When Night Ripper was first released, it seemed like virtually every article about Greg Gillis mentioned that at some point, Gillis would likely be sued by every record label/band/rapper on the planet. This has proven to not be the case at all. Despite my best research, I couldn't find a case where anyone had taken legal action, and there's clearly a big sample size to choose from. Granted, the fact that Gillis literally gives his albums away on Illegal Art's website means he's not breaking the bank from his studio outputs, so he's not flaunting riches in front of those whose work he drawing from. Still, it seems kinda amazing that members of Kansas or Steve Winwood's attorneys haven't tossed out any cease and desist letters.
As Gillis himself pointed out last year, this exchange of media and variety of remix has developed to the point where it no longer contains the shock value of 2 Live Crew battling Roy Orbison over fair use copyright. Today, original sounds are remixed or mashed-up and thrown onto youtube at record speeds. And yet, as the number of amateur mash-up artists has exploded, Gillis's reputation has only grown, as his attention to detail and interplay between subjects has left the standard "slap one set of vocal over a different music track for a few minutes" schtick obsolete.

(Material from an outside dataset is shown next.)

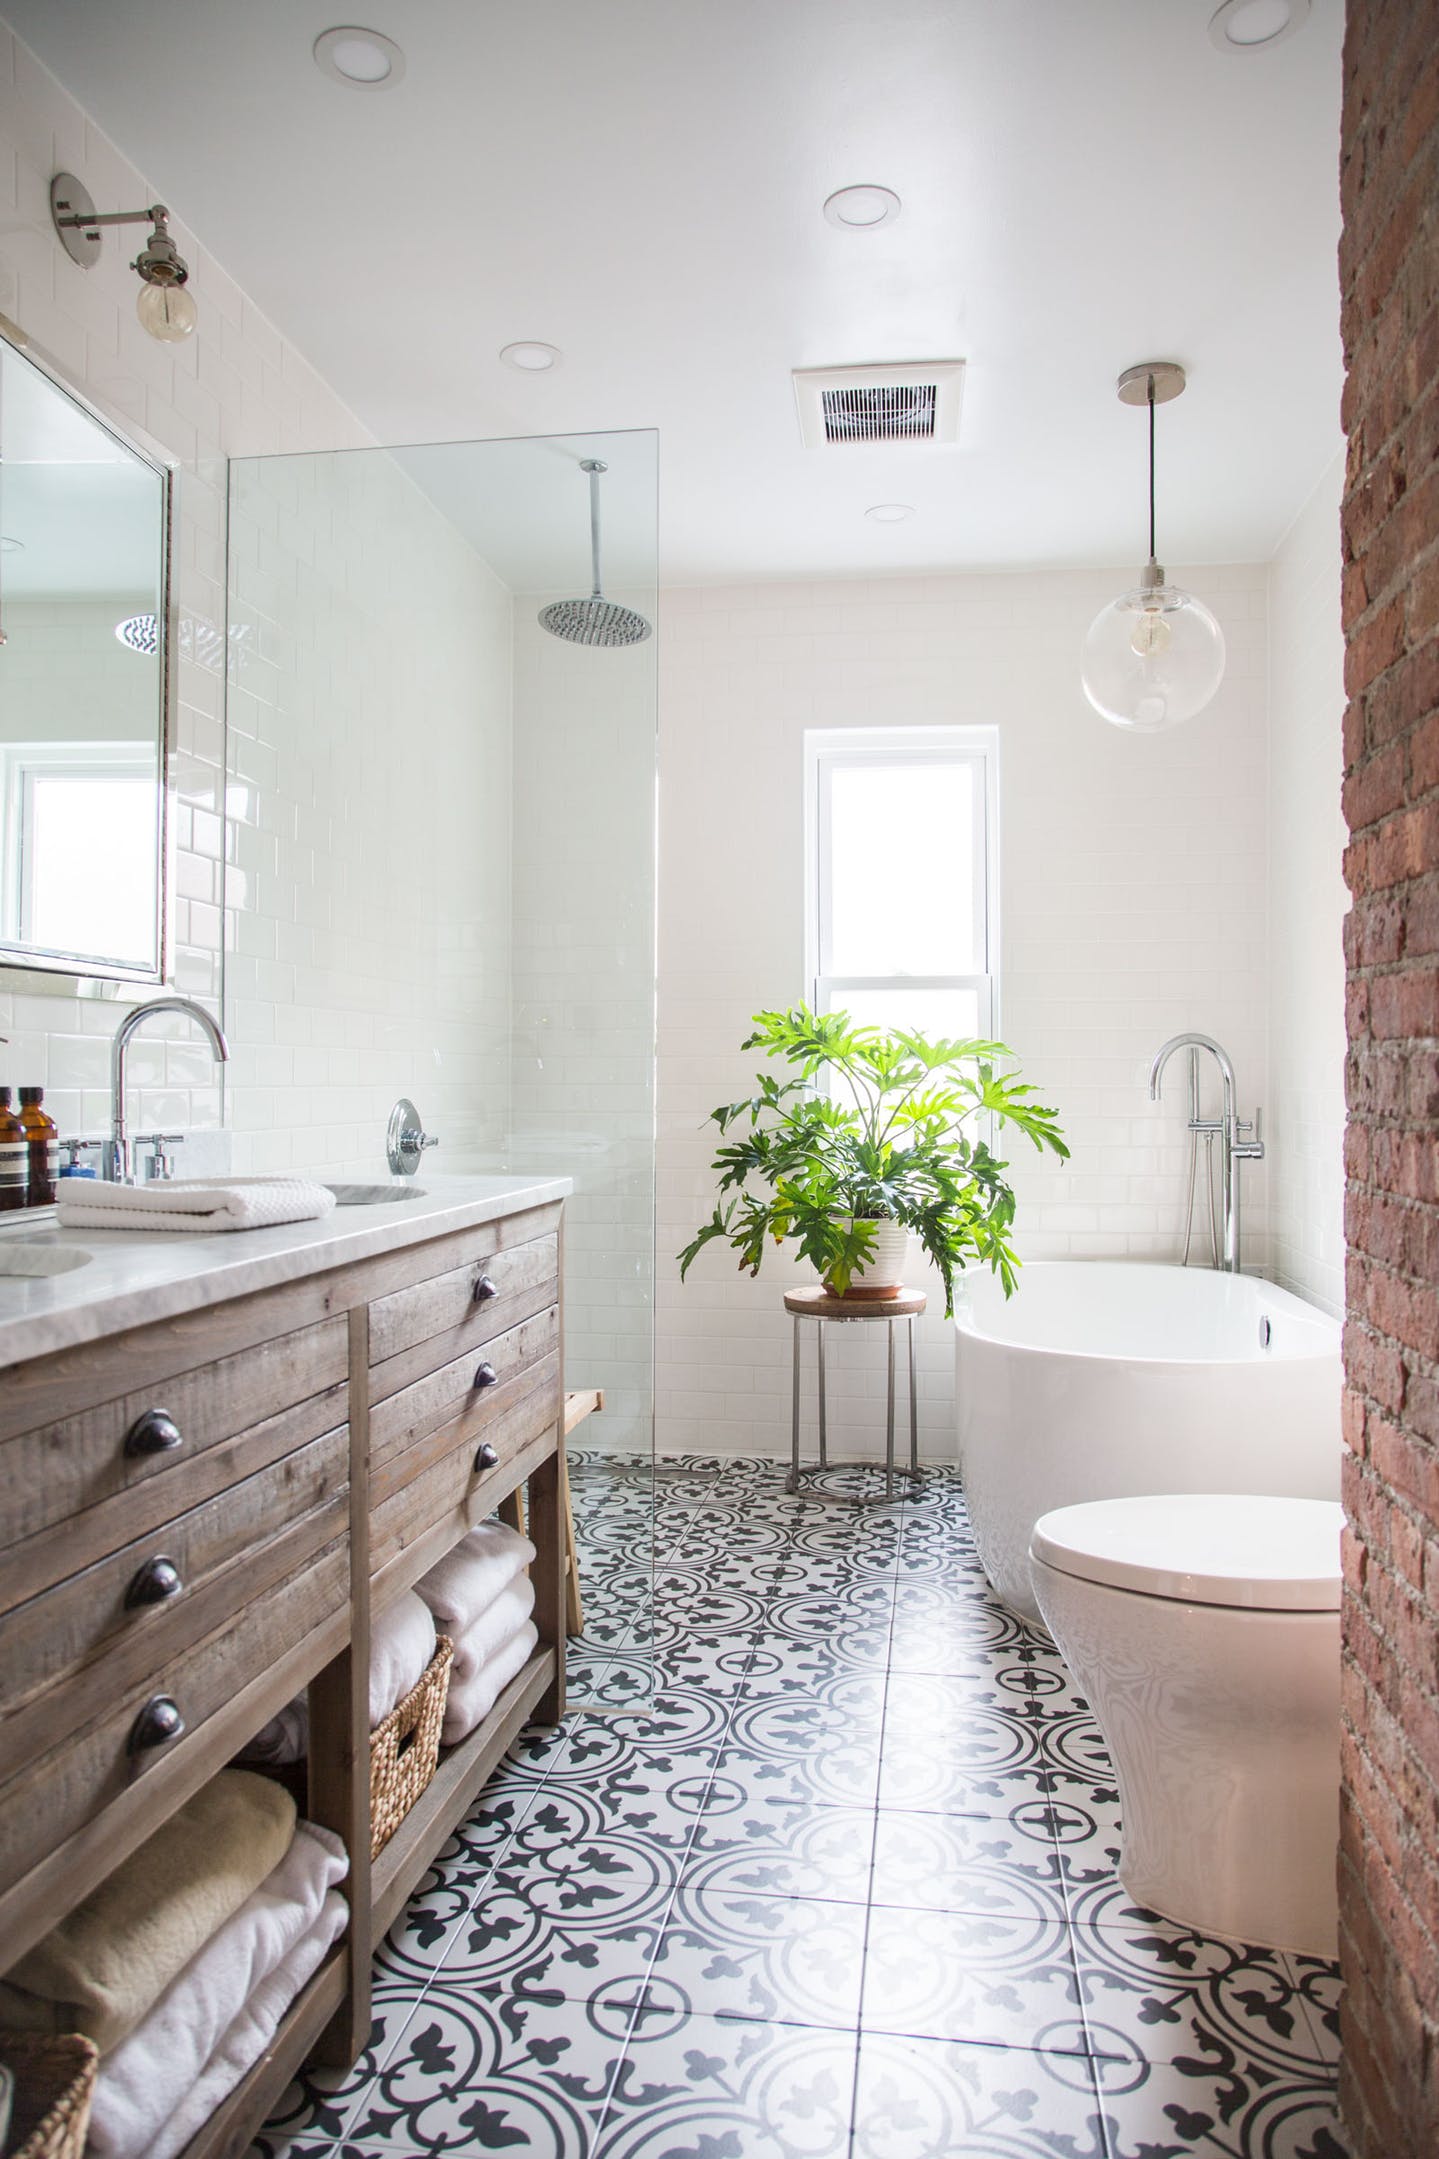 25 Amazing Bathroom Design Ideas - Home & Garden Sphere

Indeed, while most mash-up song productions end up seeming far longer and unimpressive than the sum of their components, Gillis quickly mastered the art of leaving the clips short and keeping them moving. I still get a little pissed whenever I hear Pixies riffs in Girl Talk songs, if only because I know they'll be gone in eight short measures or so. And yet the disappointment is just as fleeting, as before you know it you'll be reminded of how much you truly enjoy Heart, or trying to figure out which one of your friends can come up with the Sophie B. Hawkins reference first. Seriously, throwing on a Girl Talk album for a road trip is like a ready made trivia game, and far more fun than trying to spot a Missouri license plate.
When dealing with literally an infinite pool of resources, not all the combos work (the Jay-Z/Radiohead sequence off Feed the Animals is surprisingly underwhelming), but the low points disappear just as quickly as the successes, and the misses never leave the lasting impression that the hits seem to. The Biggie/Elton John sequence on "Smash Your Head" has become Gillis' "Free Bird," a trademark result of the perfect mix of genres and eras, delighting all who hear it. But nearly as impressive is the slow grower that precedes Elton and Biggie, where Nirvana sear through Young Jeezy. Not every second is brilliant, but every second is pretty damn fun, and that's more than you can say for a lot of albums.